Opening up to the world with vision and foresight or hanging on to the cumbersome and visibly unsuccessful centralized systems is one key question for Iran’s economy post-sanctions. For countries with cheap labor free trade will mean more lines of production and for countries with rich natural resources it will attract investors. In short, free trade means increase in exports. However can increase in exports lead to economic growth? Is it productivity that augments export or the other way around?
It is assumed that export companies are either more productive or they learn during the process of exporting. However, the latter is true only if exporters perform better than their domestic rivals years after they enter the export markets. Indian manufacturing data show that the performance of exporters and non-exporters does not diverge immediately following the launch of export activities by the former.
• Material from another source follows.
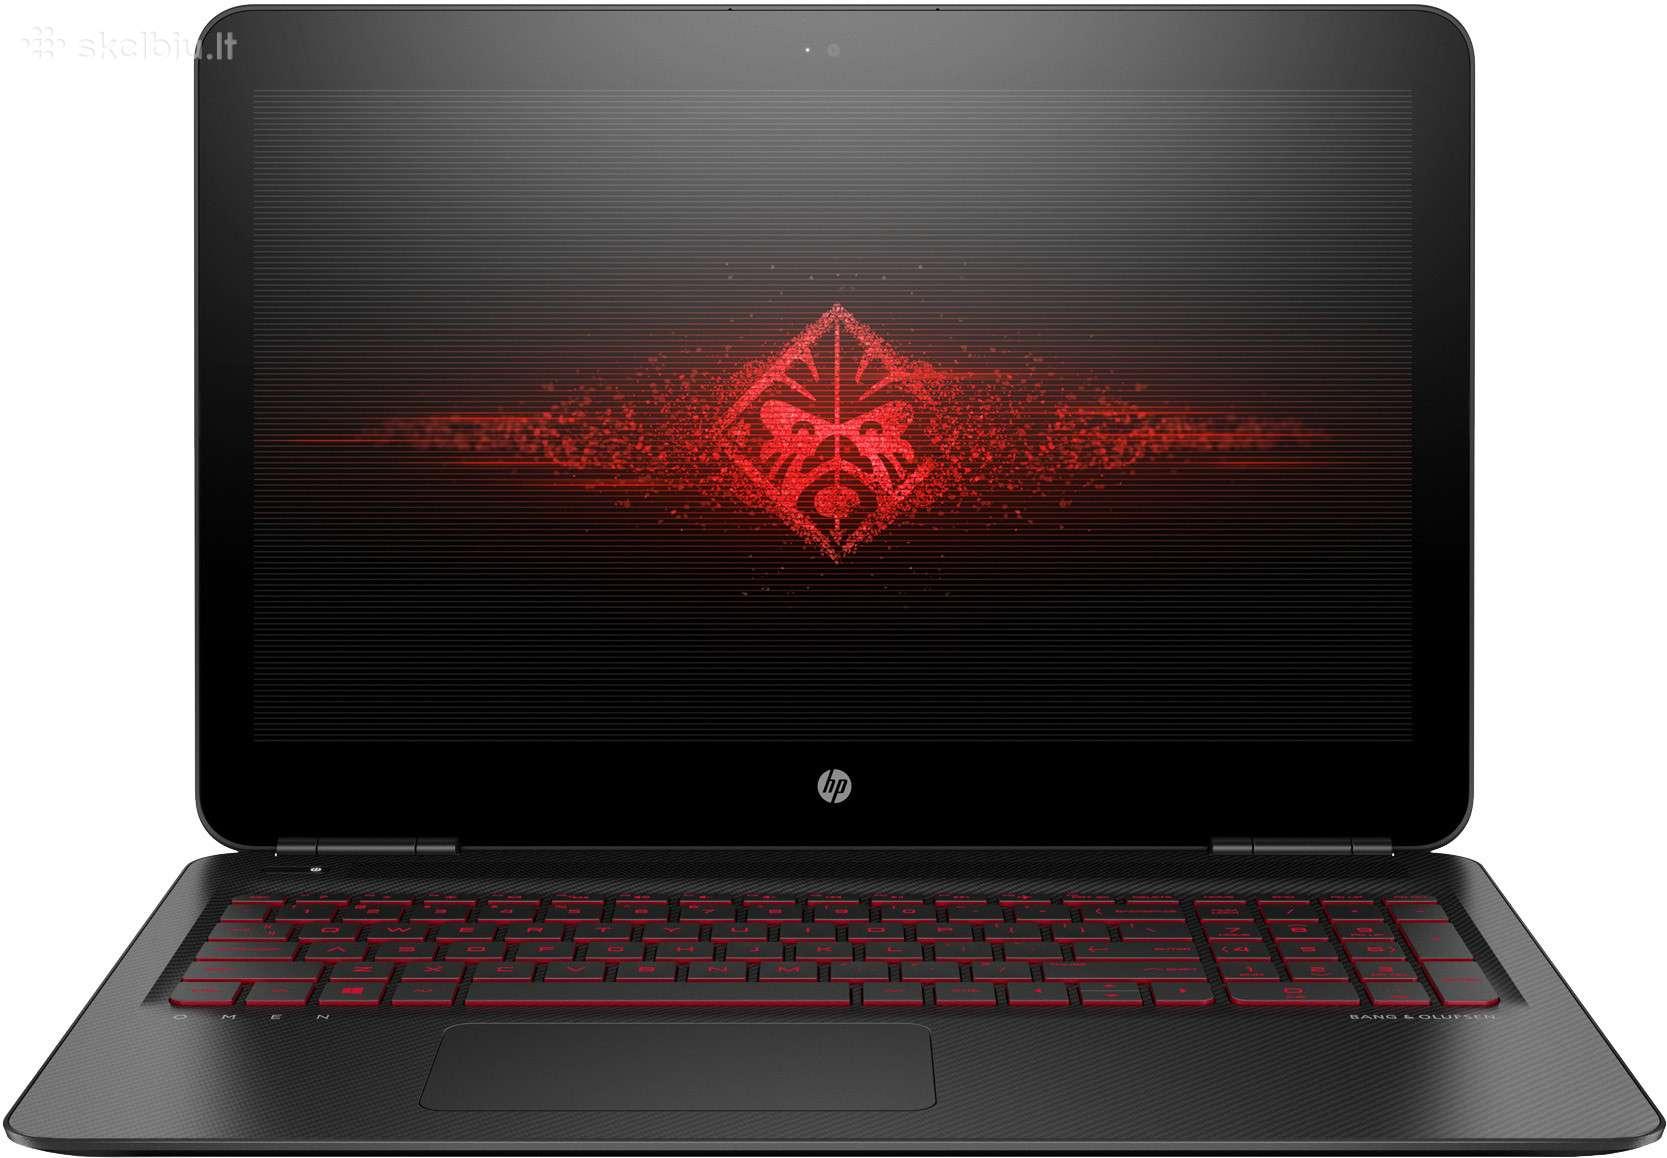 Hp Omen I7 7700hq Gtx1060 6gb Zbook Notebookas Dell Inspiron 15 7567 I5 7300hq 4gb Ddr4 Gtx 1050 Ti Win10 Black

As there are cases where Iranian companies do export despite lack of productivity in relative terms, one needs to assess additional reasons for Iranian manufactures entering foreign markets. Since increase in non-oil exports is a oft-mentioned priority, the government needs to ramp up efforts beyond VAT exemption for exporters.
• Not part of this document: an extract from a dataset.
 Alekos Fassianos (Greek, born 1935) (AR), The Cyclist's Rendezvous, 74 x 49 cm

With the decline in commodity prices across continents, unending wars and violence in the region and the disturbing downside patterns in global economic growth, export markets look a bit gloomier at the moment. This is a good time for Iran to invest in infrastructure and production capacity for future gain in exports while drawing on the benefit from innovation and incentive.
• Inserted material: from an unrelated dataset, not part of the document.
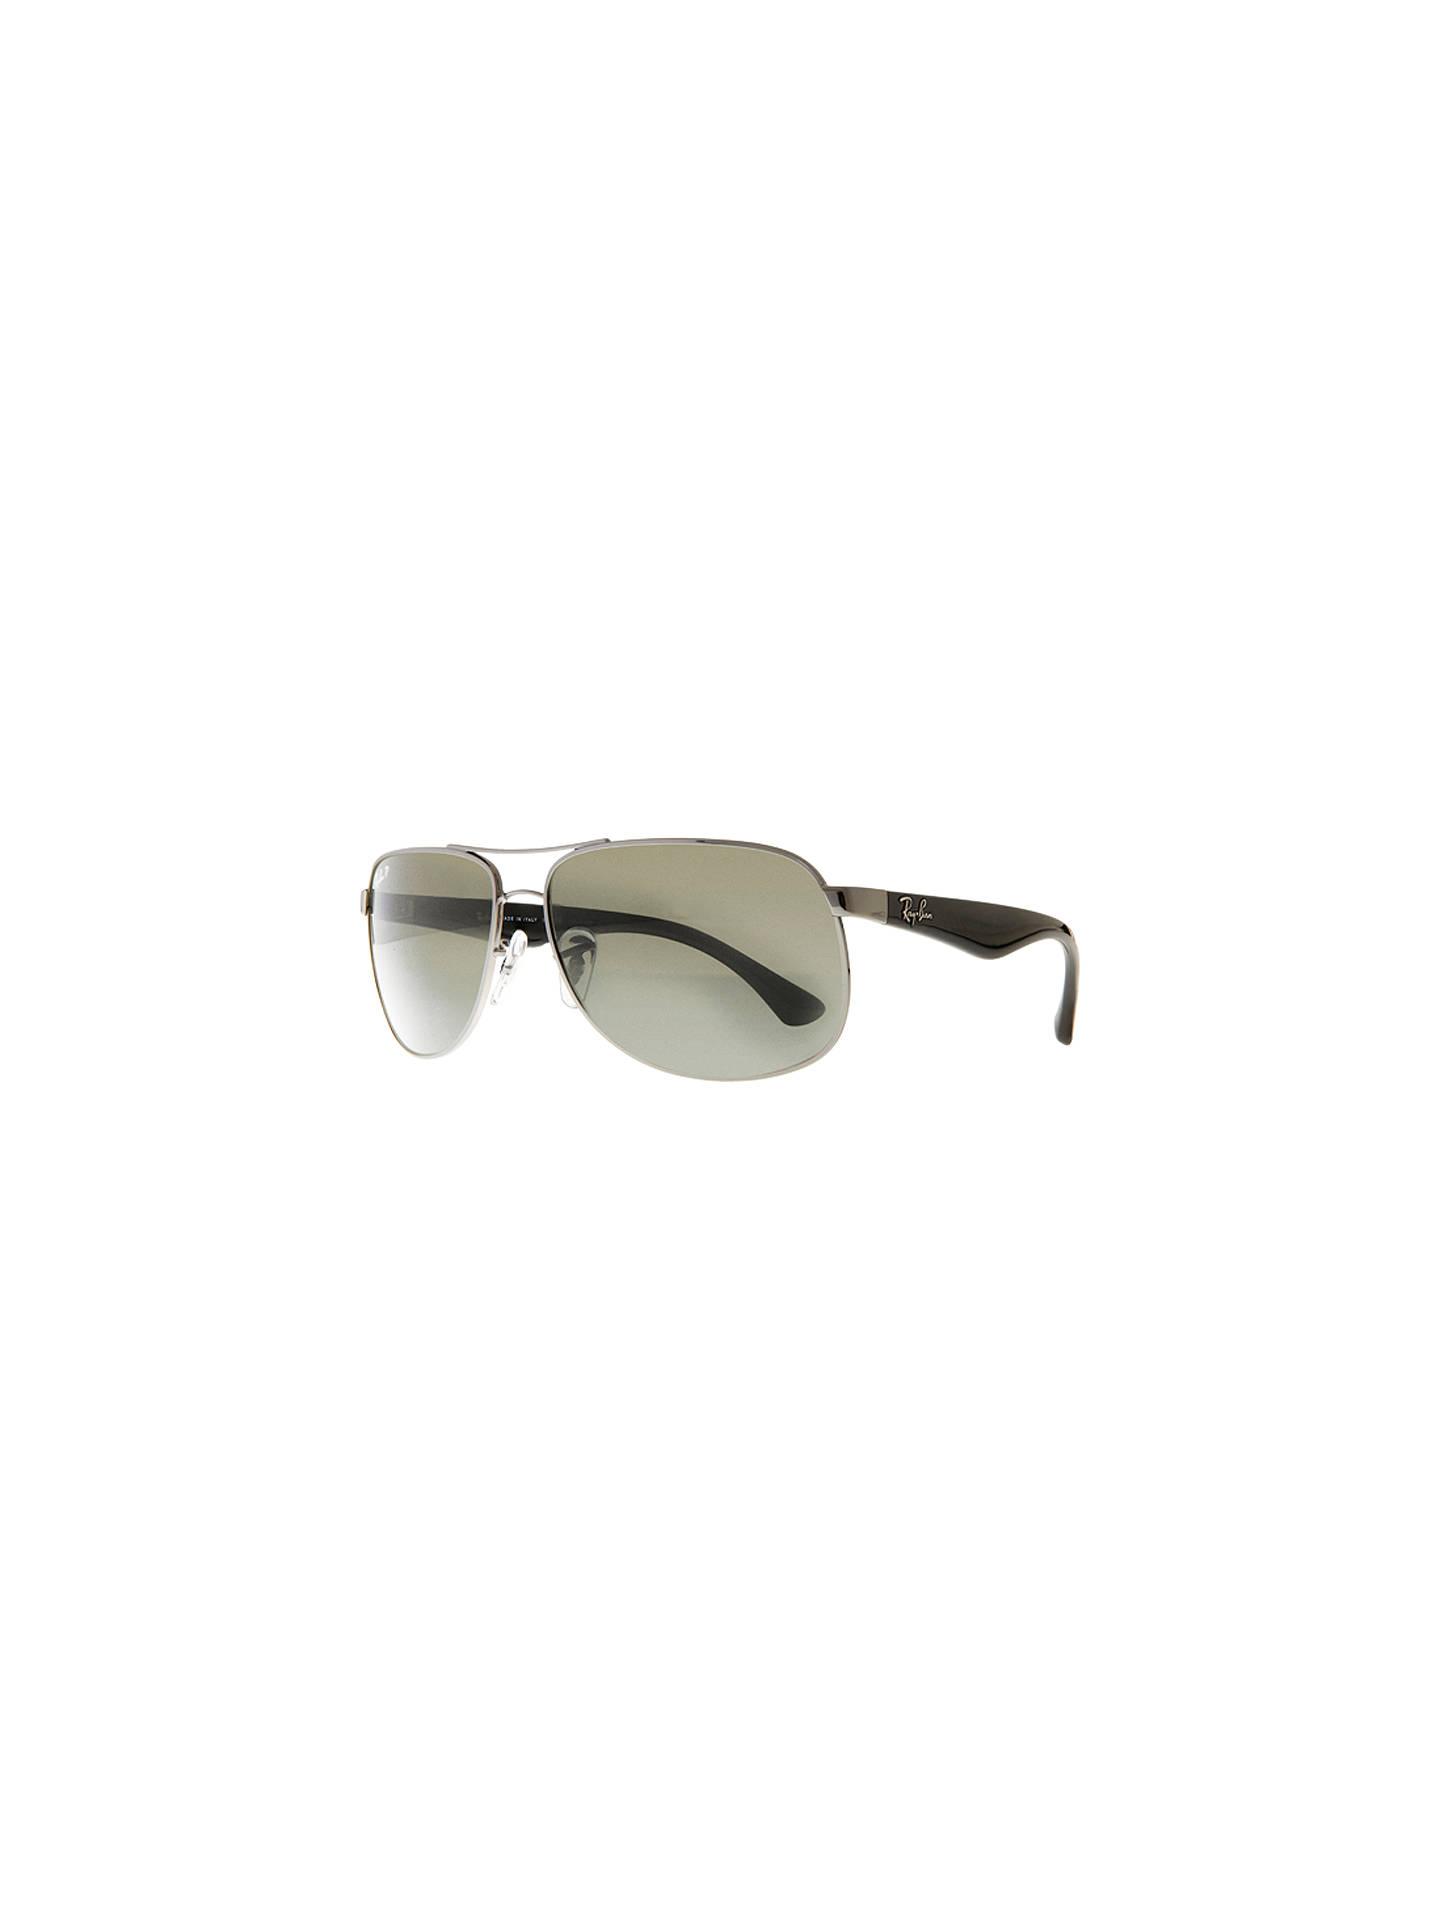 f5ed46569283b Ray-Ban RB3502 Polarised Active Lifestyle Aviator Sunglasses at John ...

Providing financial incentives to raise non-oil export has its own downside. Manufacturers might channel revenues in speculative areas for fat profits that would, among other things, indicate their incompetence. Financial incentives can be better managed by using the principle of ‘loss aversion’ and ‘overweighting of low probabilities’.
Loss aversion refers to the fact that losses bite more than equivalent gains. As such, the framing of monetary incentives is very important. Instead of giving cash to specific firms, the government can identify better-performing companies and give them financial support. Such backing can and should come at a price -- like charging exceptionally higher interest rates if specific targets are not met. Fear of failure and loosing the much-needed financial uplift will work for the benefit of all.
Moreover, research indicates financial incentives need to be adequate to be effective. Instead of giving bits and pieces to appease all those hunting for help, the government can give big amounts to one outstanding manufacturer in each sector. The company should be chosen randomly based on merit and the ability to meet clearly-defined targets in equal circumstances.
As people overweight low probabilities, the randomness will improve management of firms that in turn leads to higher labor productivity. This is what the government can and should do to consciously prepare firms for international markets. Iran might be able to benefit from higher marginal returns of capital, but for sustainable growth, policies should concurrently aim at marginal product of labor which is now perceived to be very low.